Title
RA 9172: Telecom Franchise Renewal
Law
Republic Act No. 9172
Decision Date
Oct 3, 2002
Republic Act No. 9172 grants Eastern Telecommunications Philippines, Inc. a franchise to operate wire and/or wireless telecommunications systems, subject to regulation by the National Telecommunications Commission, with obligations to provide quality service, conform to ethical standards, and pay taxes.
A

Operation of Stations or Facilities

  • Stations/facilities must minimize interference with existing or new stations.
  • Grantee retains right to use selected frequencies without diminishing transmission quality.

Authority of the National Telecommunications Commission (NTC)

  • Grantee must secure certificate of public convenience and necessity (CPCN) or appropriate permits from NTC.
  • NTC may impose conditions on construction, operation, maintenance, and service levels.
  • Use of radio frequencies requires NTC authorization.
  • NTC must not unreasonably delay or withhold permit issuance.

Ingress and Egress Rights

  • Grantee may, with DPWH approval, make excavations or lay conduits in public places for poles or underground wiring.
  • Disturbed public property must be repaired per DPWH standards.
  • DPWH can repair disruptions at double expense to grantee if repairs are not made within 10 days.

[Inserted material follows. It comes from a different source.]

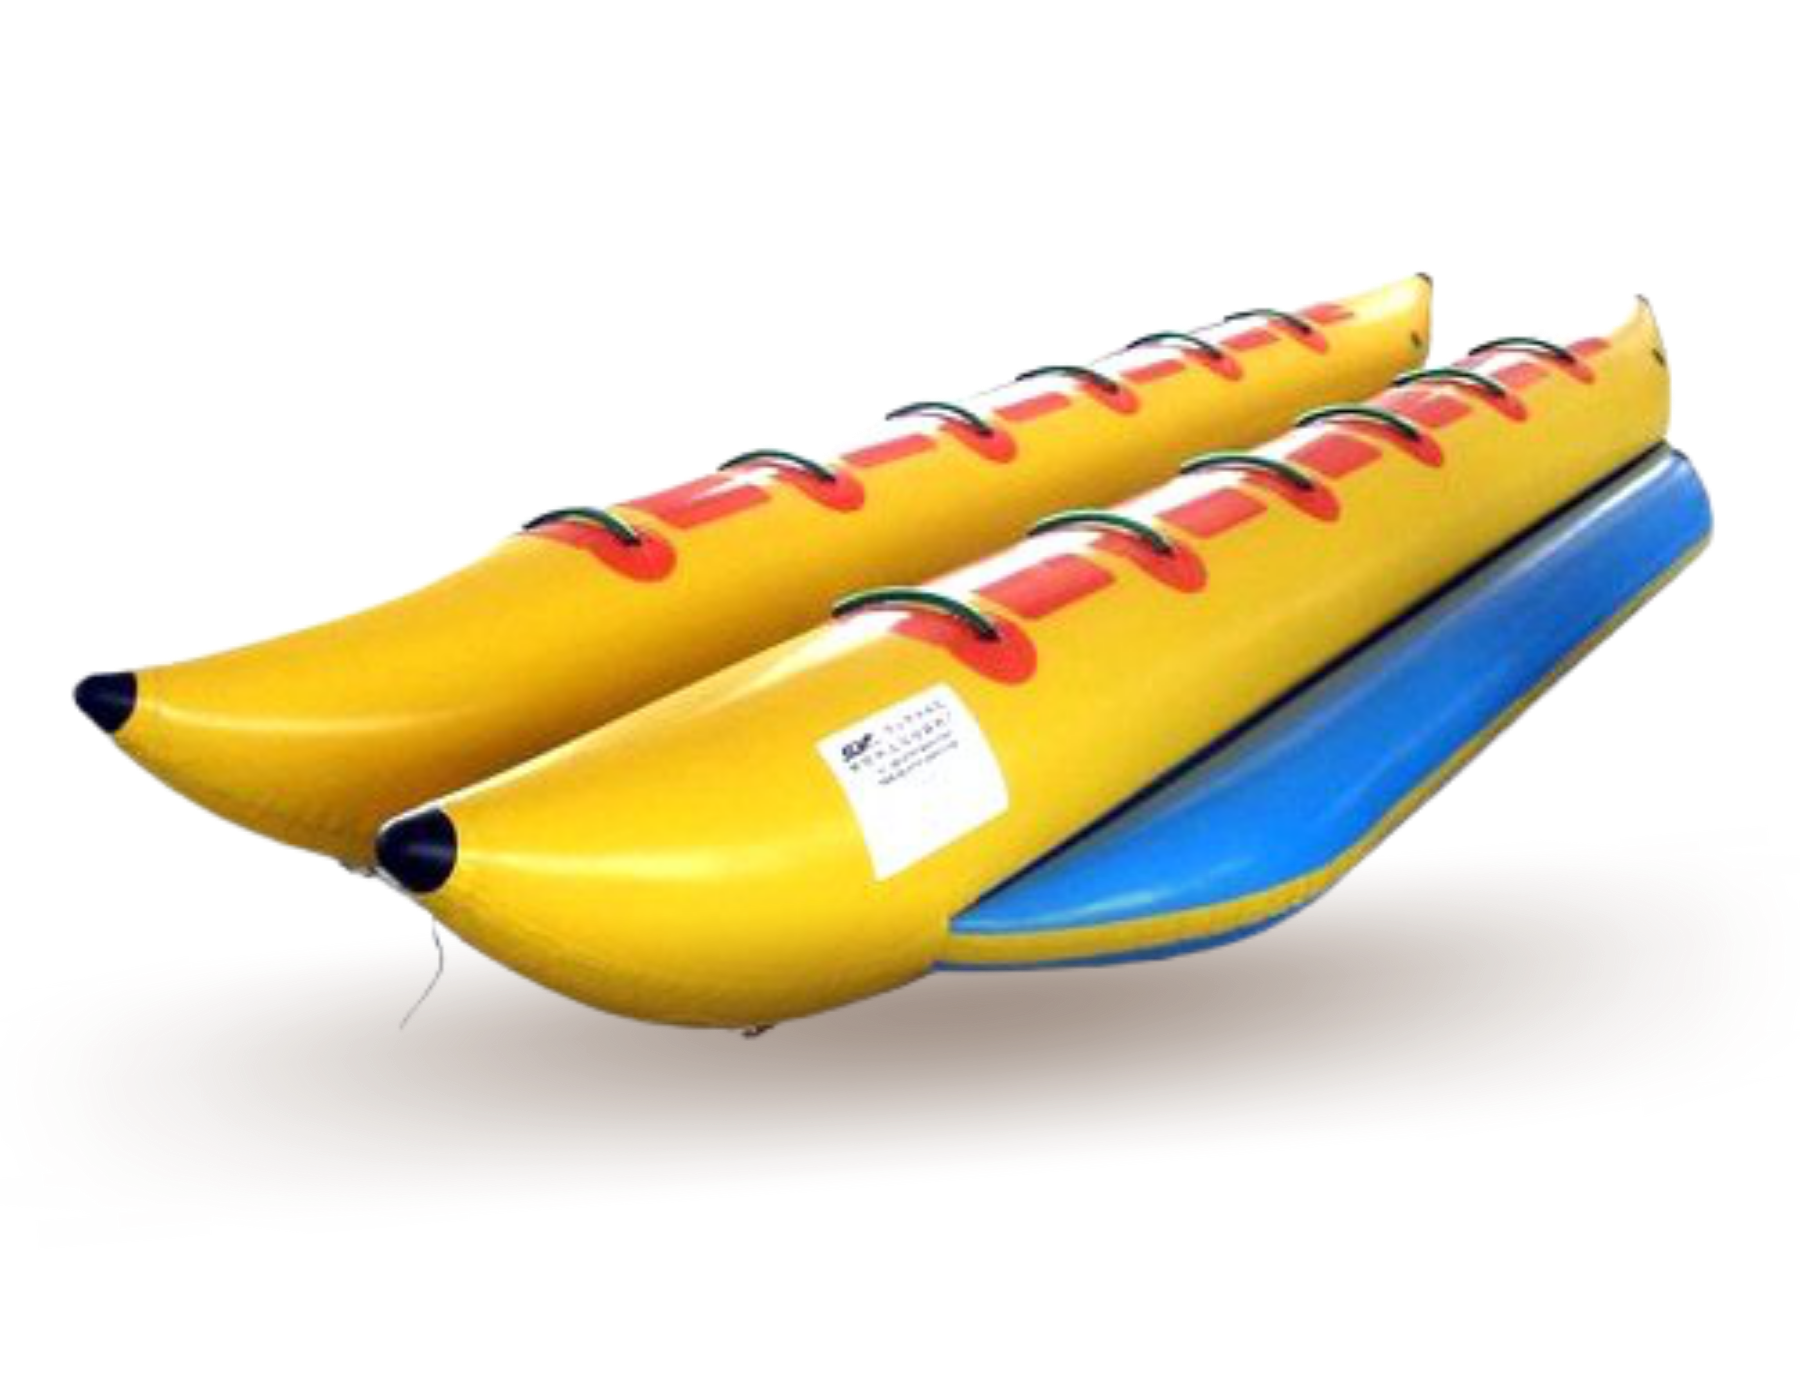 A banana boat

Responsibility to the Public

  • Grantee must adhere to ethics; prohibited from obscene or false transmissions or aiding subversive acts.
  • Must provide telephone services without discrimination, limited by capacity.
  • Required to expand capacity if demand exceeds existing infrastructure unless expenses are borne by applicants.
  • Stations and equipment must be maintained and updated with technological advances.

Rates for Services

  • Charges for regulated telecommunications services require NTC approval.
  • Rates must be unbundled and ensure regulated services do not subsidize unregulated ones.

Rights of Government

  • President can take over or suspend use of grantee’s facilities during emergencies, with due compensation.
  • Radio spectrum is a state resource and may be withdrawn with due process.

Term of Franchise

  • Franchise valid for 25 years from effectivity unless revoked.
  • Grounds for ipso facto revocation include failure to commence operations within 3 years of permit approval, continuous non-operation for 2 years, or failure to commence within 5 years of Act effectivity.

Acceptance and Compliance

  • Grantee must accept franchise in writing within 60 days or franchise becomes void.
  • Exercise of privileges follows acceptance.

Bond Requirement

  • Grantee must file a bond with NTC to guarantee compliance with franchise conditions.
  • Bond canceled after 5 years if conditions fulfilled; otherwise forfeited and franchise revoked.

Right of Interconnection

  • Authorized to connect telecommunications systems with other authorized providers.
  • Terms subject to mutual agreement and NTC review.

Tax Provisions

  • Grantee subject to all applicable taxes under NIRC except pre-existing exemptions.
  • Required to file tax returns locally and subject to BIR audit.
  • Telecommunications franchises share tax benefits granted by law.

Gross Receipts Reporting

  • Separate accounts of gross receipts to be kept.
  • Annual account submissions to COA and National Treasury by January 31 each year.

Books and Accounts Inspection

  • Books open to COA inspection.
  • Quarterly reports on gross receipts, net profits, and business condition must be submitted in duplicate.

Warranty in Favor of Governments

  • Grantee holds all government levels harmless from claims arising from operation or construction-related accidents or injuries.

Restrictions on Franchise Transfer

  • Franchise or controlling interest cannot be leased, sold, transferred, assigned, merged without Congress approval.
  • Successors subject to same franchise conditions.

Ownership Dispersal

  • At least 30% of outstanding capital stock must be offered on Philippine securities exchange within 5 years of operations.
  • Noncompliance results in automatic revocation.

Equality Clause

  • Advantages and privileges granted under existing or future telecommunications franchises are immediately extended to this franchise.
  • Excludes territory, lifespan, and type of service provisions.

Separability Clause

  • Invalid provisions do not affect the validity of other provisions.

Repealability and Nonexclusivity

  • Congress may amend, alter or repeal franchise when public interest requires.
  • Franchise is nonexclusive.

Reportorial Requirements

  • Grantee to submit annual report on franchise compliance and operations to Congress within 60 days after year-end.

Renewal and Extension of Franchise

  • Franchise term renewed for another 25 years from expiration.
  • Failure to operate continuously for 2 years results in ipso facto revocation.

Effectivity

  • Act takes effect 15 days after publication in two newspapers upon grantee initiative.